Section 18 of the Marriage Act provides for voluntary registration of marriages in accordance with custom, by application to the District Registrar of the District in which they reside to have the marriage registered under the Act. While a customary adoption by the late Moses Leoniki and Mary Maegwaidalo was said to have been accepted and approved by a Magistrate at Auki, no application to register the customary marriage has been claimed by Mary Maegwaidalo in her affidavit, nor is there any such record in evidence of such registration. The fact of such a registration may raise a presumption of irregularity, for s. 19(1) clearly supposes a marriage registered under s.18 "shall for the purposes of the law of divorce, be in the same position as though such marriage had been celebrated under the provisions of this Act...".
The earlier marriage to Jenny Rodomalefo had been celebrated under the provisions of the (earlier) Marriage Act for the Registrar of Marriages has entered particulars in his Register as have said. Consequently by virtue of s. 12(a) of the (old) and current Islanders Divorce Act (Cap 170); "A marriage is void and the Court shall pronounce a decree of nullity in respect there of if it is proved – that at the time of the ceremony of the marriage one of the parties was already married and the earlier marriage was still subsisting".

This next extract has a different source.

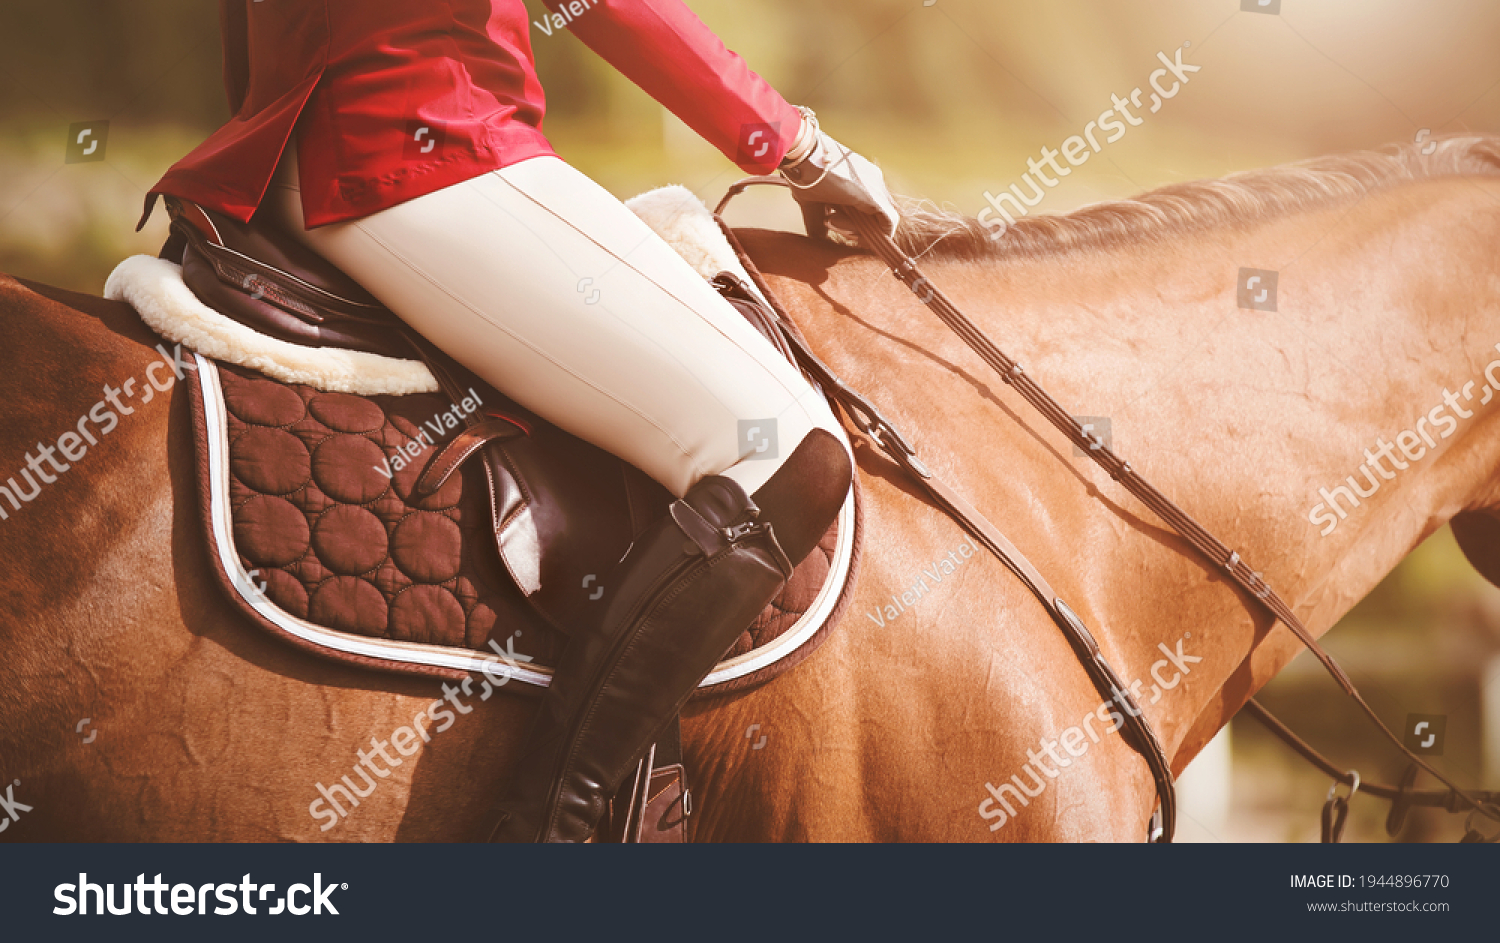 On a sorrel horse in a leather saddle sits a rider in a pink jacket and white trousers, holding the bridle rein in her hands, illuminated by the sun. #1944896770

I am satisfied, as I have said, that the earlier marriage was valid. I am further satisfied, in the absence of any evidentiary proof of a divorce before the death of the contributor, that it was still subsisting at the time of his death.
Section 12(a) then, raises a presumption on the facts which I have found in this case, that the Customary Marriage is void. It is not the intention of the legislature to countenance two subsisting marriages to be recognised at law, between two persons. That is plain on a reading of the warning against bigamy to be found in s. 19(2) of the Marriage Act.

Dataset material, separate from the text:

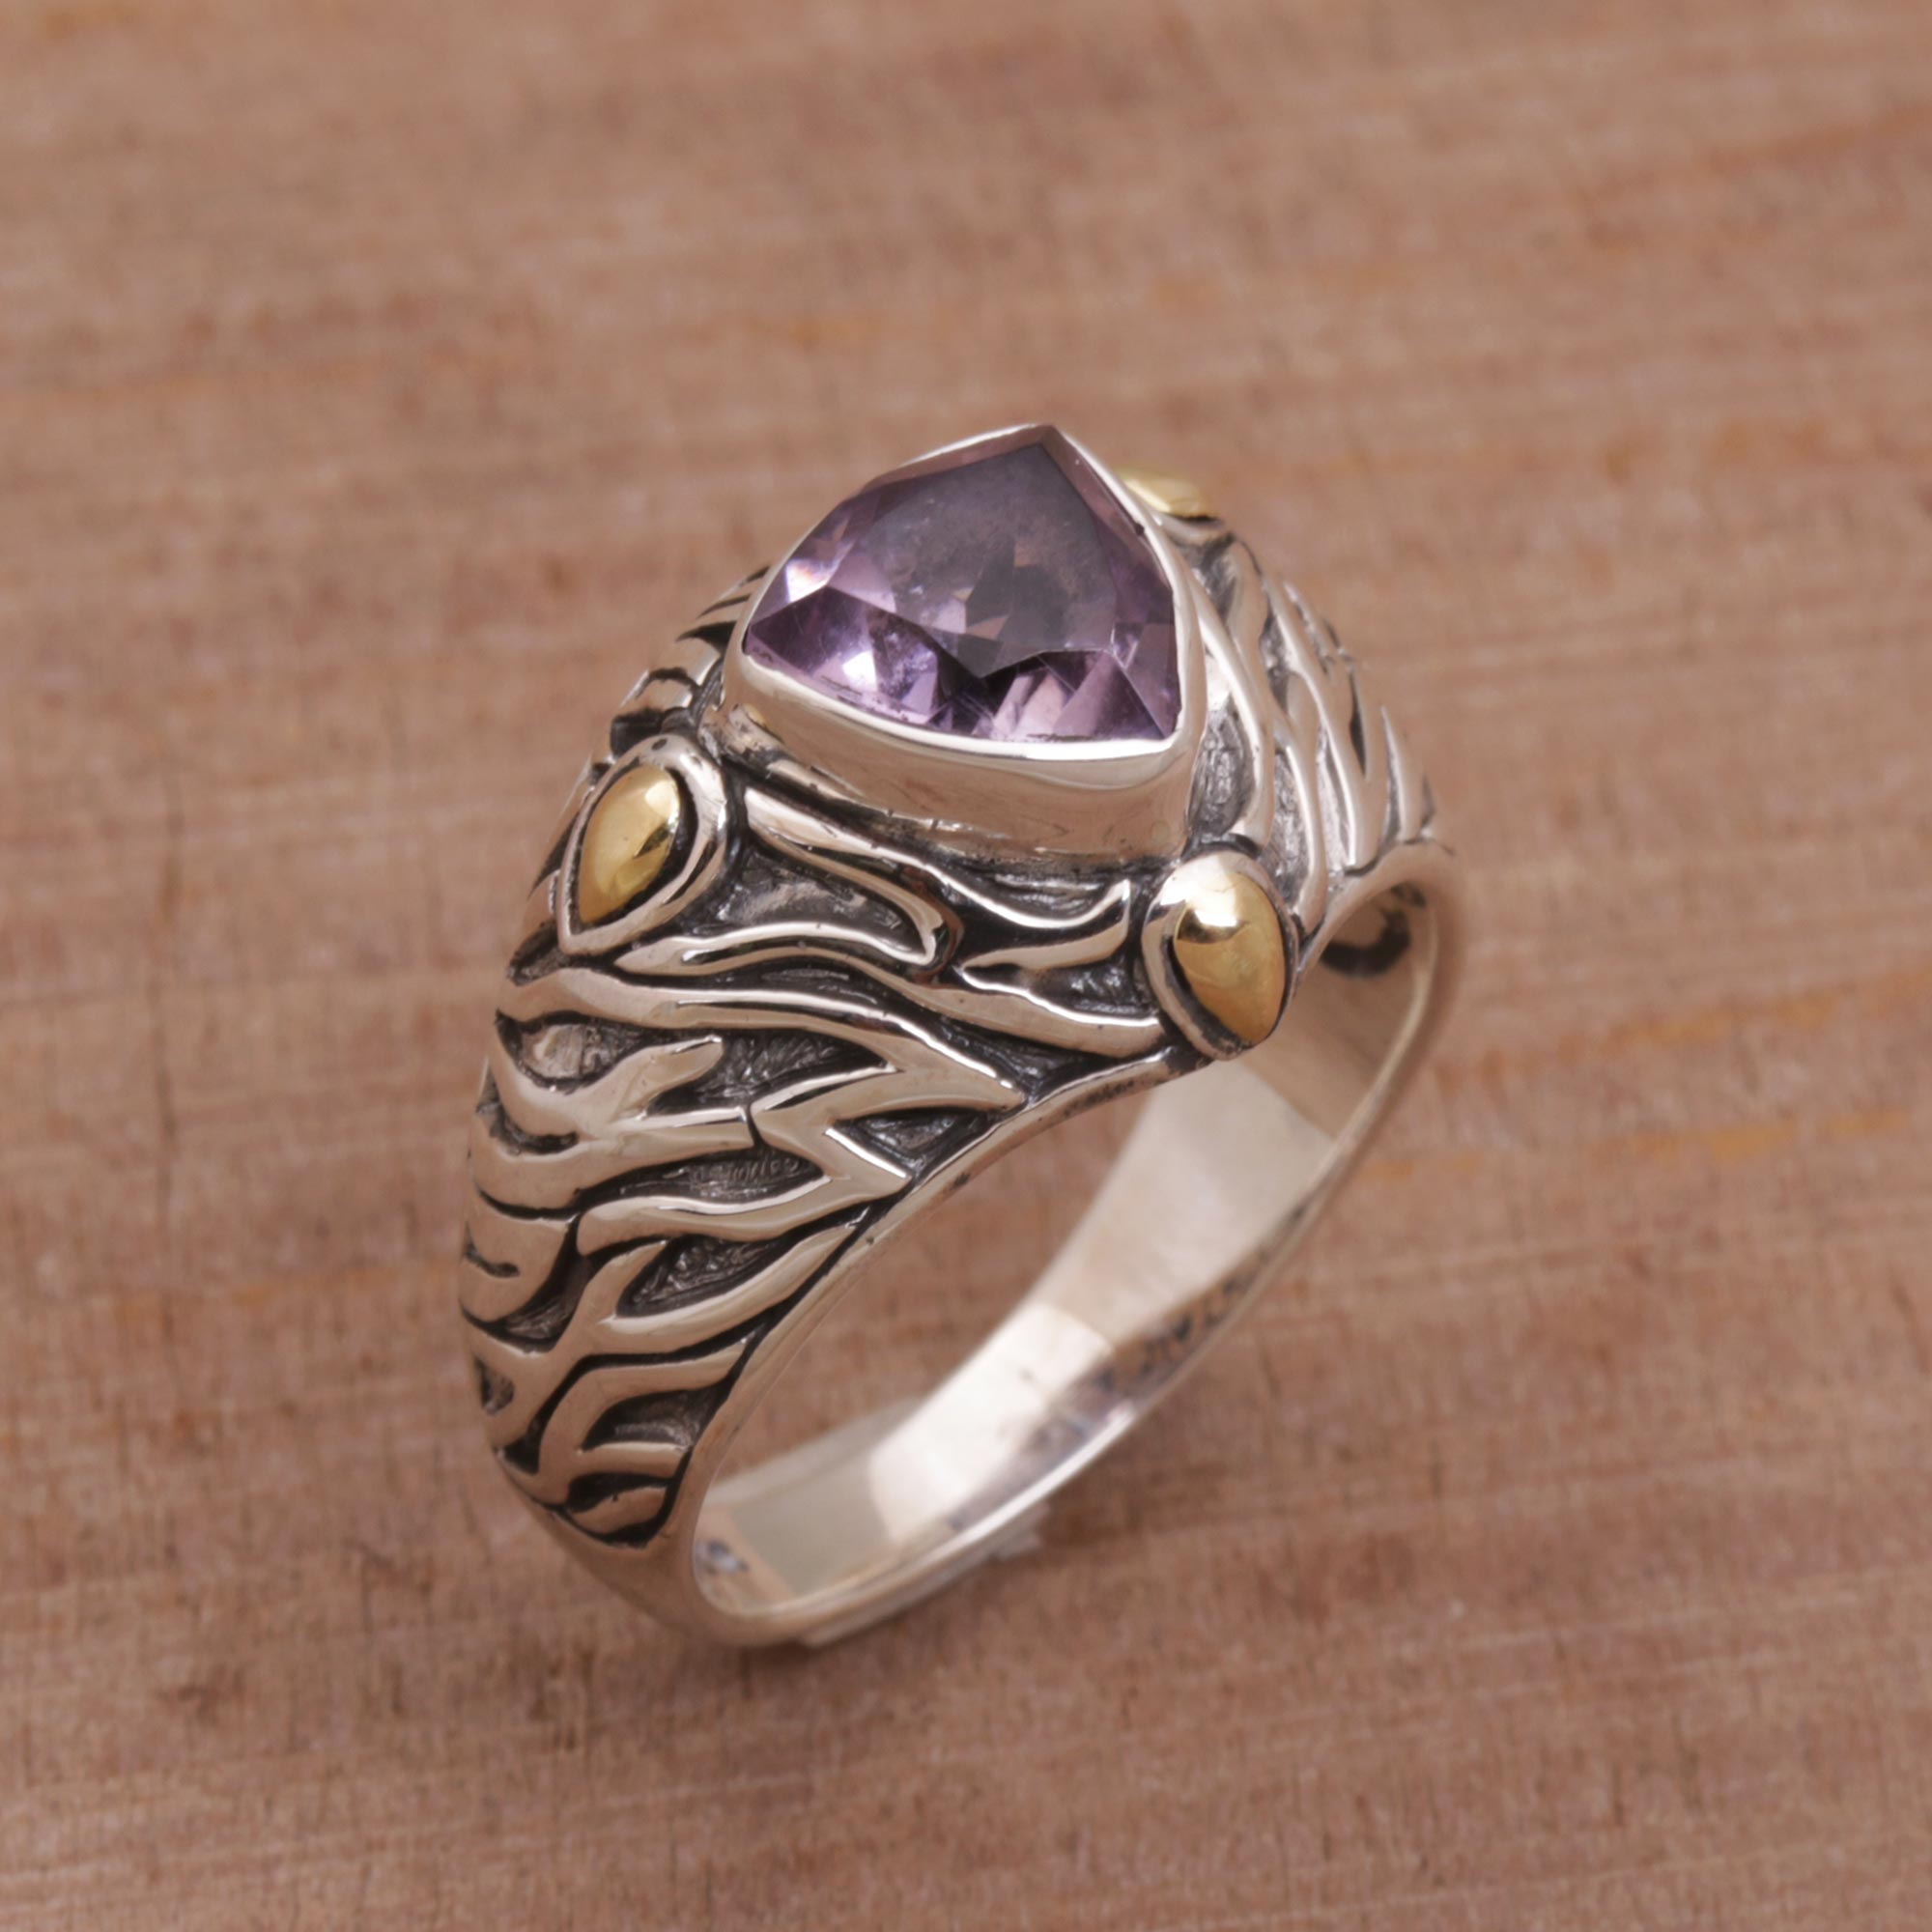 Top Quality Amethyst Ring 6 Vintage Amethyst Ring* Amethyst Gemstone Ring* 925 Sterling Silver Ring* Amethyst Gift For Her Gift For Mother

Of course rights and obligations which have arisen through custom, as a consequence of these persons living together and adopting three children in those circumstances, remain unaffected. But for the purposes of the Act, the use of the phrase "subsequent marriage" (s. 32) refers to "Marriage" as understood under the Marriage Act, (whether contracted under the Act or according to custom) so that where the earlier marriage was subsisting at the time of death, that Marriage cannot be said to be a "subsequent marriage" to the date of the nomination.
I need make no finding on whether that later "customary marriage" is void in terms of the Marriage Act but in law the subsisting marriage celebrated on the 4 August 1977 cannot be seen to be a "subsequent marriage" in time to that of date of the nomination under s. 32 of the Act.
Nor can the "customary marriage" be seen to be a "subsequent marriage" for the earlier marriage was still subsisting. It had not been dissolved by court order or death at the time of the customary marriage.
The questions posed by the applicant then, shall be answered in so far as the various classes are entitled to claim to receive contributions; as to the 1st classes or 1st respondents claim, yes for that the nomination is valid; in terms of s. 32 of the Act.
As to the 2nd classes or 2nd respondent, no for that the contributions held in trust do not form part of the deceased’s estate for the purposes of administration;
As to the 3rd respondent no for that the nomination was made subsequent to the time of the lawful subsisting marriage; so that the Board may discharge its obligation as trustee by payment of the debt due to the lawfully entitled nominees.
Each party shall pay their own costs.